**What to work on**
Copy, word for word, the lines of the entries below between the one with "Mähwerk типа Krone" and the one with "Siêu phẩm bán", inclusive, and leave out everything else.

**Supplied records**
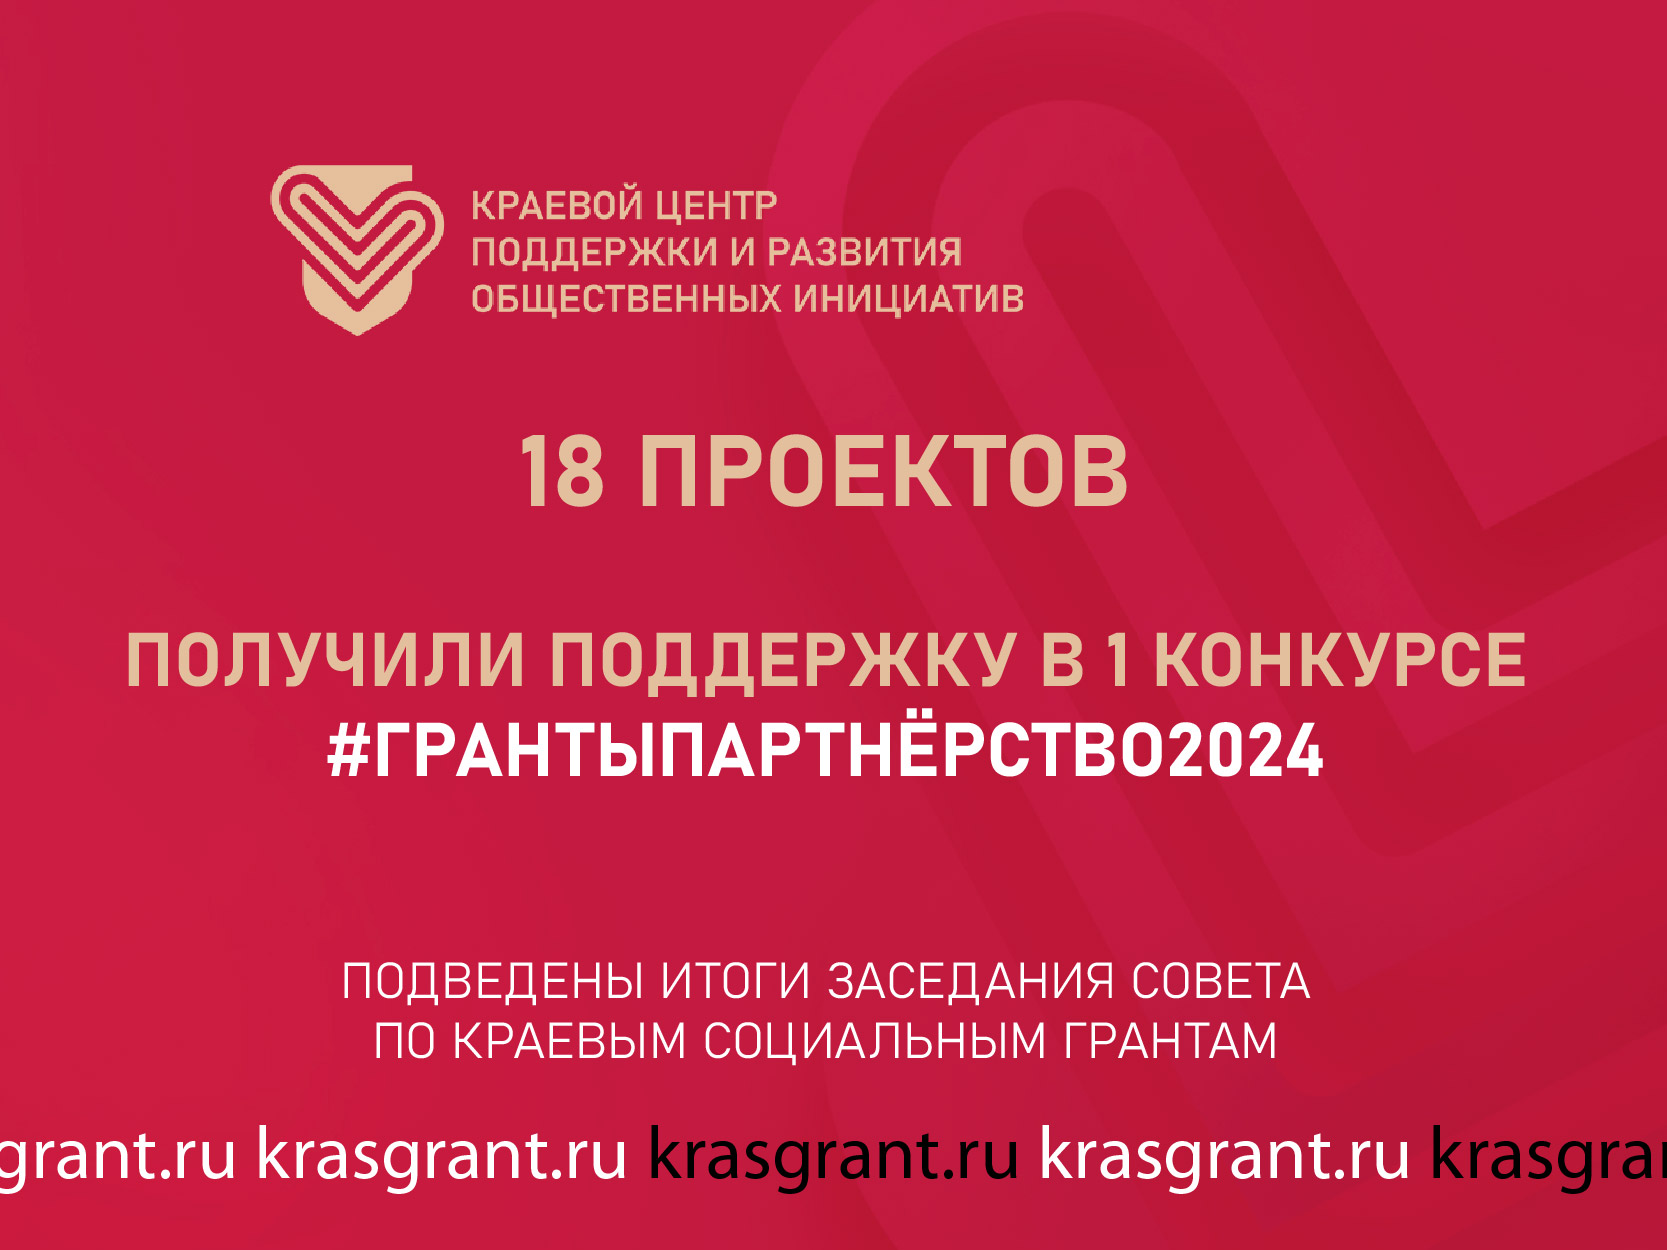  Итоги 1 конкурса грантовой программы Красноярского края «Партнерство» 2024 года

* * *

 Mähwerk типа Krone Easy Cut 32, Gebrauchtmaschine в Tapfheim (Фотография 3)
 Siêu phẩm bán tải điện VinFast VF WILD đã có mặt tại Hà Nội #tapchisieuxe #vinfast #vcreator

**Your response**
 Mähwerk типа Krone Easy Cut 32, Gebrauchtmaschine в Tapfheim (Фотография 3)
 Siêu phẩm bán tải điện VinFast VF WILD đã có mặt tại Hà Nội #tapchisieuxe #vinfast #vcreator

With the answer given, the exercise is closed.